Figure 3. Inhibition of p53 degradation enhances levels of full-length p53 and p53 target genes. (A) Induction of readthrough of nonsense mutant TP53 in HDQ-P1 cells by the combination of aminoglycosides with the proteasome inhibitor bortezomib (upper panel), combination of aminoglycosides with nutlin-3a (middle panel), and the combination of aminoglycosides with MI-773 (lower panel). Left side panels: G418; right side panels: gentamicin. (B) Real-time PCR analysis showing upregulation of p53 and p53 target genes at the mRNA level in HDQ-P1 cells. β-actin and c1/c2 were used as negative controls. Left panel: G418; right panel: gentamicin. Three independent experiments were performed in duplicates. Differences between combination treatment and G418 or gentamicin alone for each target were analyzed using either the parametric Tukey post hoc test in the ANOVA model (*** = p < 0.001) or the non-parametric Wilcoxon matched pairs test (◆ = p < 0.05) for samples not fitting normal distribution. (C) Combination treatment with G418 and nutlin-3a resulted in synergistic induction of p53 and p21 in H1299 R213X cells as shown by Western blotting. No p53 was detected in empty vector control cells. The blot was cut at around 25 kDa, the upper part was first probed with p53 antibody and then washed and blotted with antibodies against β-actin. The lower part was blotted with p21 antibody.
We subsequently examined expression of p53 and p53 target genes at the mRNA level upon combination treatment with aminoglycosides and nutlin-3a. As shown in Figure 3B, the combination treatment resulted in a pronounced synergistic increase in expression of p53 as well as p53 targets p21, Fas, Mdm2, and Wig-1 at the mRNA level. Statistically significant differences (p < 0.001) between combination treatment and G418 alone were observed for p53, p21, Fas, Mdm2, and Wig-1 according to the post hoc Tukey test in the ANOVA model. Combination treatment with gentamicin and nutlin-3a caused a statistically significant increase in p53 mRNA (p < 0.001) compared with gentamicin alone according to the post hoc Tukey test in the ANOVA model.

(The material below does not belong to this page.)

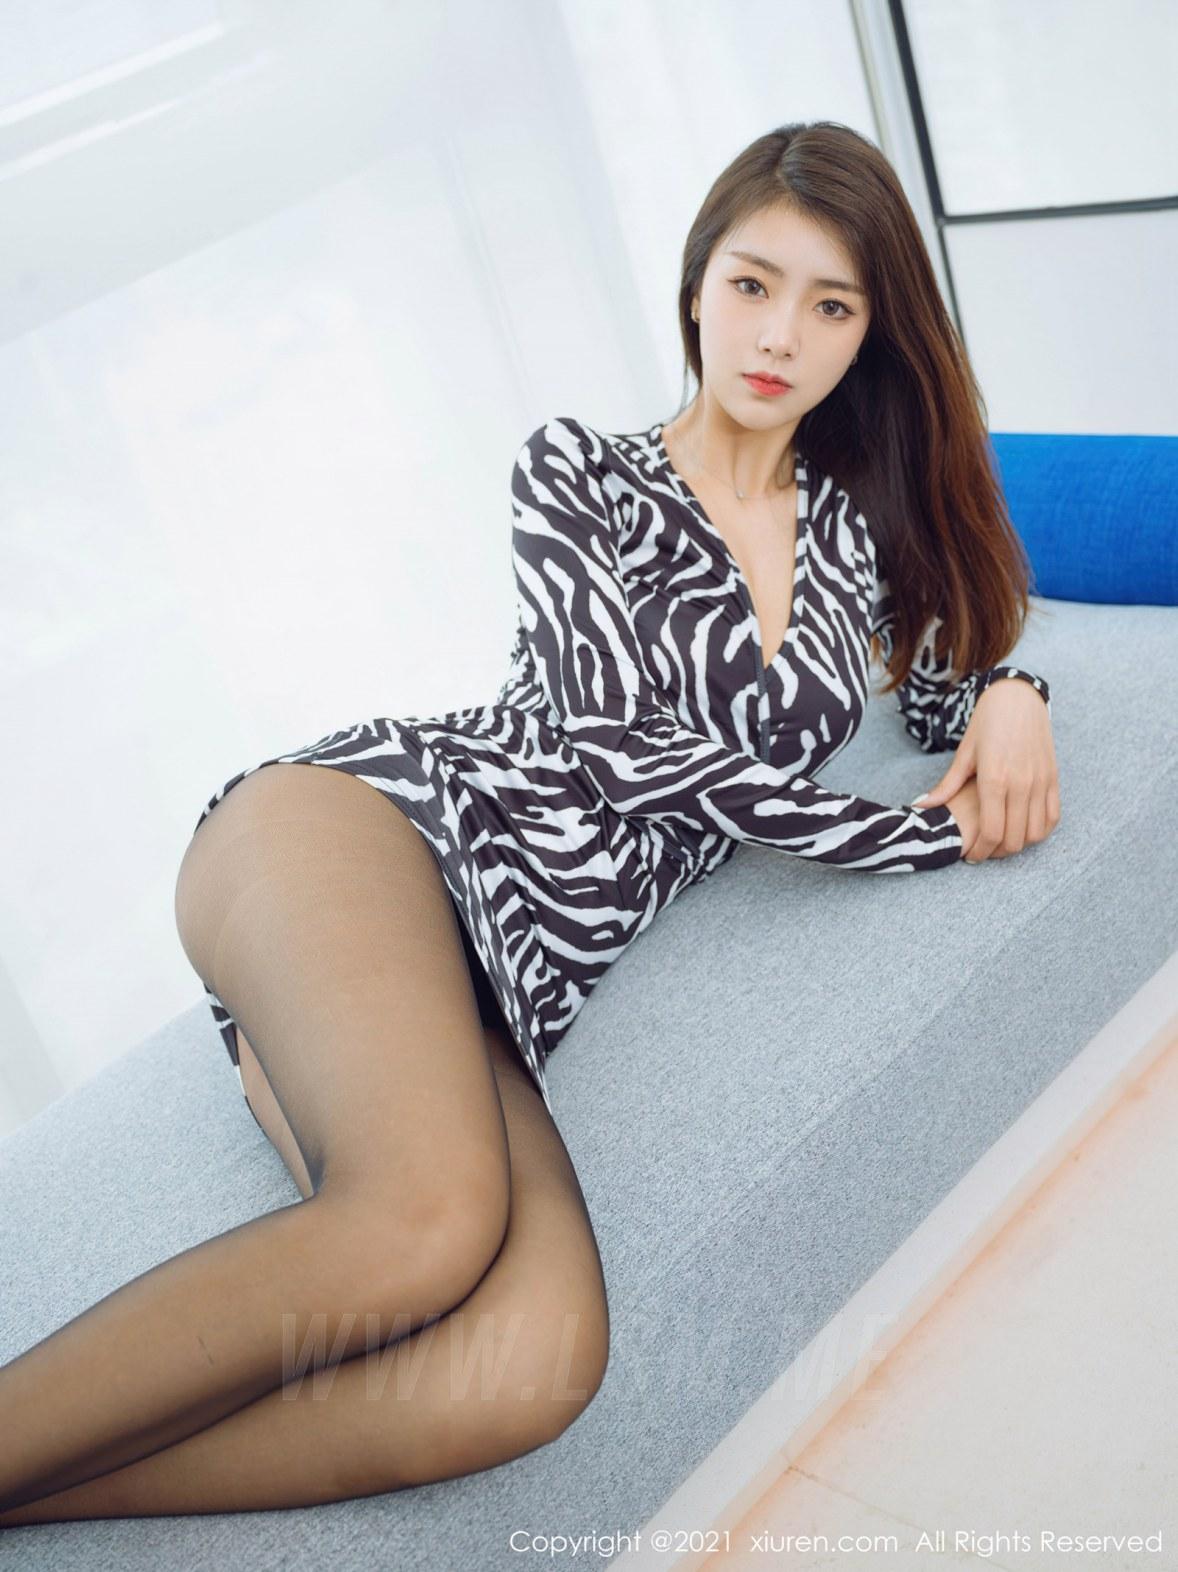 3890 045 adi 4047 5400 - XiuRen 秀人 No.3890 斑纹短裙 可樂Vicky 性感写真2 - 秀人网 -【免费在线写真】【丽人丝语】

Expression of p53 targets Wig-1, p21, and Mdm2 also showed a significant increase (p < 0.05) in mRNA levels following combination treatment compared with single treatment with gentamicin. Statistical analysis was done using the Wilcoxon matched pairs test since the distributions differed significantly from the normal one. Nutlin-3a itself did not induce any substantial increase in mRNA levels of p53 nor p53 target genes. Since G418 shows stronger readthrough effect than gentamicin and since bortezomib has higher general toxicity than nutlin-3a, we focused on the combination of G418 and nutlin-3a for the following studies. According to Western blotting (Figure 3C), the effect of the combined treatment with nutlin-3a and G418 on p21 expression is dependent on p53, since H1299 cells carrying empty vector did not show any increase in p21.

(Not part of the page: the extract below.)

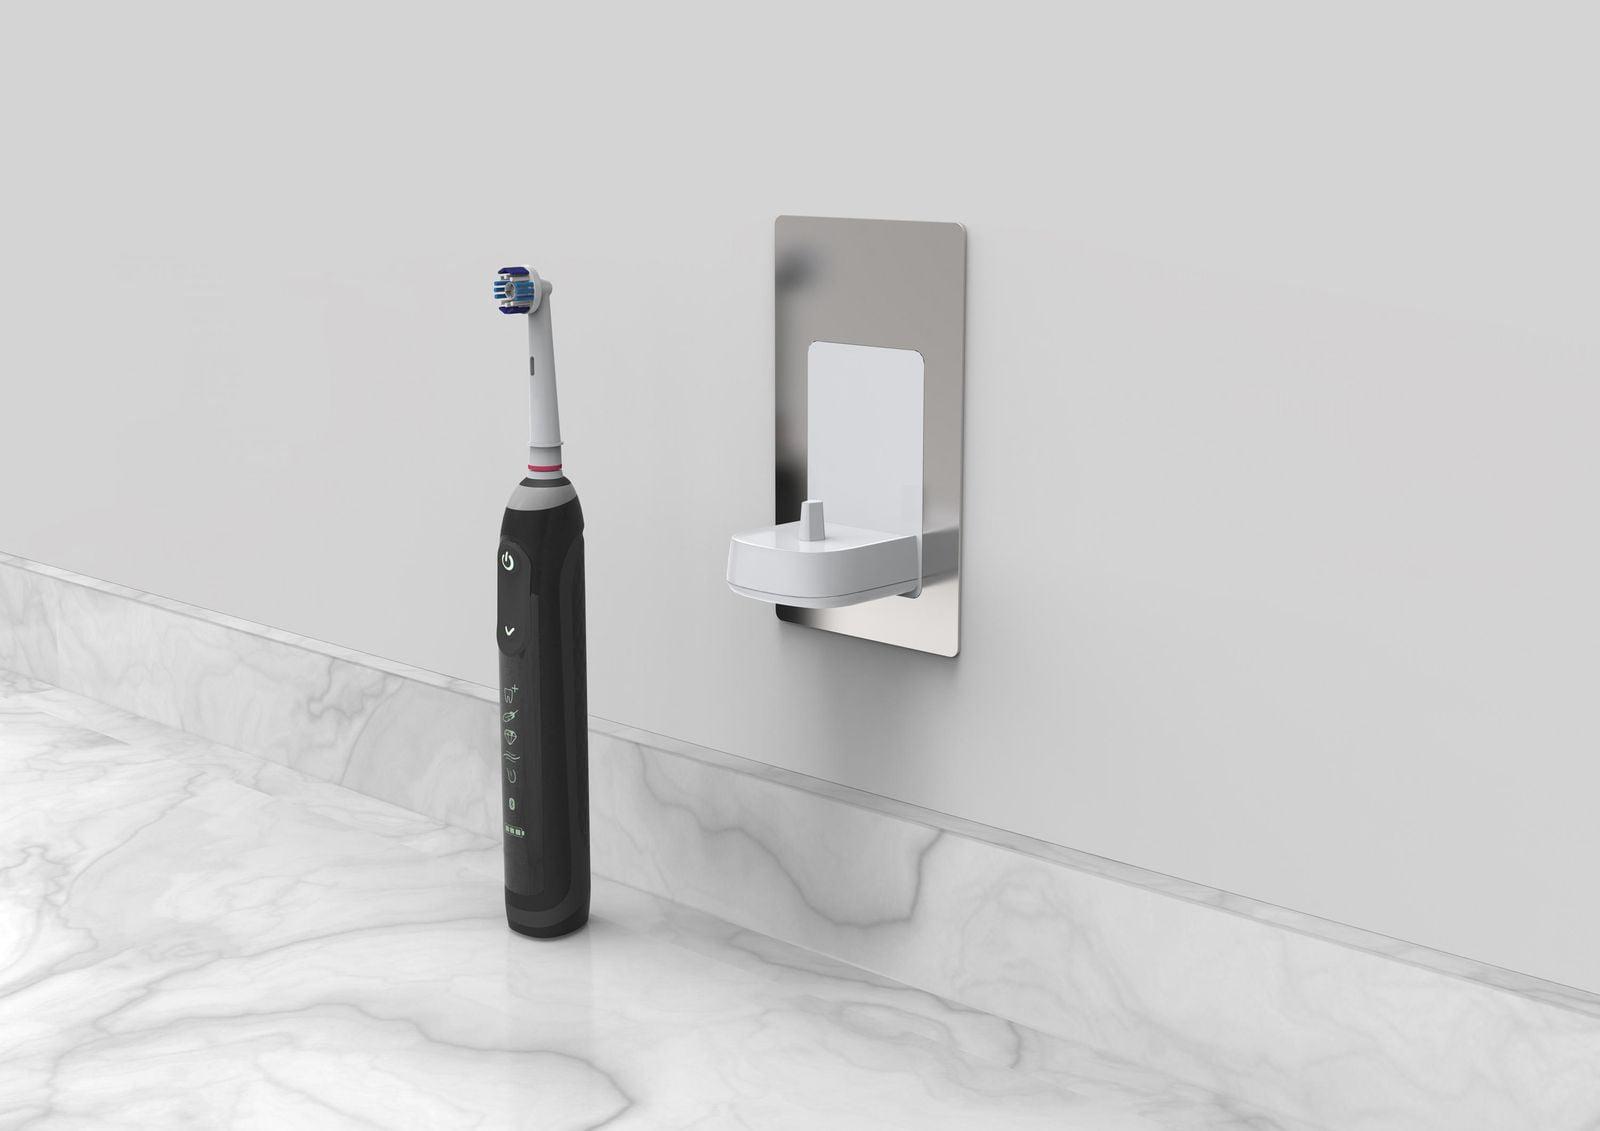 spazzolino elettrico Oral-B gratis

In addition, we tested if G418, nutlin-3a, and G418 in combination with nutlin-3a would affect the expression of p53 and p53 target genes in wild-type p53-carrying HCT116 cells. G418 itself did not cause any substantial induction of p53 or p53 target genes in the HCT116 wtp53+/+ cells, except at the highest concentration (400 µM) where a modest induction of p53 and p21 was observed (Figure S1A in Supplementary Material). This could be due to cellular toxicity since we observed increased cell death at this concentration. As expected, nutlin-3a alone induced p53 protein but not mRNA in the HCT116 cells, and induced p53 target genes at both protein and mRNA levels (Figures S1B,C in Supplementary Material). G418 did not further enhance induction of p53 protein by nutlin-3a, although we observed increased levels of p21 and Fas mRNA upon combination treatment with nutlin-3a and G418. The differences between nutlin-3a-treated and control samples were statistically significant (p < 0.001) for Mdm2, p21, and Fas mRNA according to the post hoc Tukey multiple comparison in the ANOVA model (Figure S1C in Supplementary Material).

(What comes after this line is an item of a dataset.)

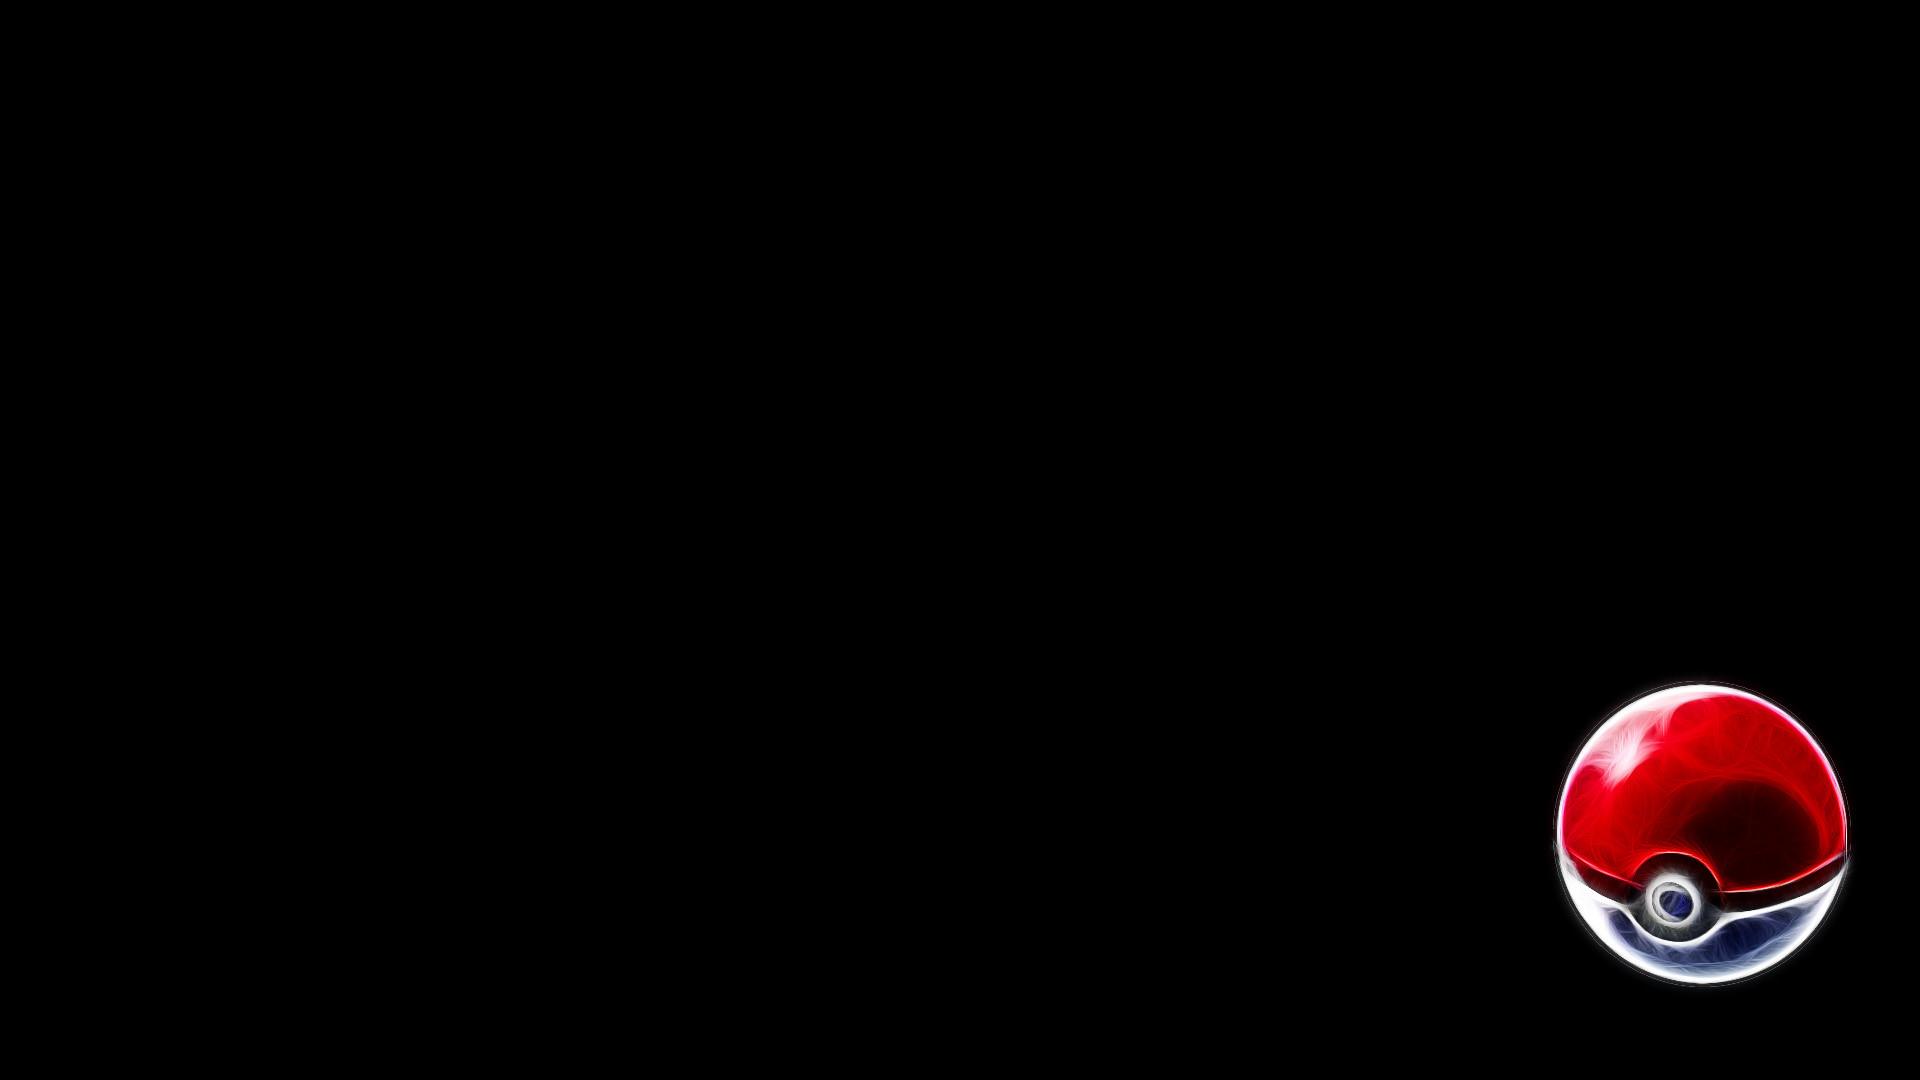 Eevee Pokeball Wallpaper Wallpapers logo pokeball

Induction of Full-Length p53 Elicits a Biological Response in H1299 Cells
We further studied the ability of full-length p53 induced by aminoglycosides to inhibit cell growth and trigger cell death in H1299 cells carrying the R213X p53 construct. First, we assessed the effect on cell growth using the WST-1 proliferation assay. Induction of full-length p53 by G418 resulted in a marked inhibition of cell growth (Figure 4A). Cells carrying the R213XΔC-EGFP fusion construct or empty vector were less sensitive to G418, confirming that the observed effect is dependent on full-length p53. We observed statistically significant differences (p < 0.05) in G418-induced growth inhibition between H1299 cells carrying the R213X p53 construct and H1299 cells carrying empty vector according to the Kruskal–Wallis test. We also examined the cell cycle distribution after treatment with G418. As shown in Figure 4B, G418 induced G1 cell cycle arrest in the R213X-carrying H1299 cells but had no major effect in the H1299 empty vector control cells, indicating that the induction of G1 arrest by G418 is p53-dependent. The difference in G1 population between G418-treated and control R213X-carrying H1299 cells was statistically significant (p < 0.05), while the difference between G418-treated and control H1299 empty vector cells was not significant according to the Unequal N HSD post hoc test in the ANOVA model test.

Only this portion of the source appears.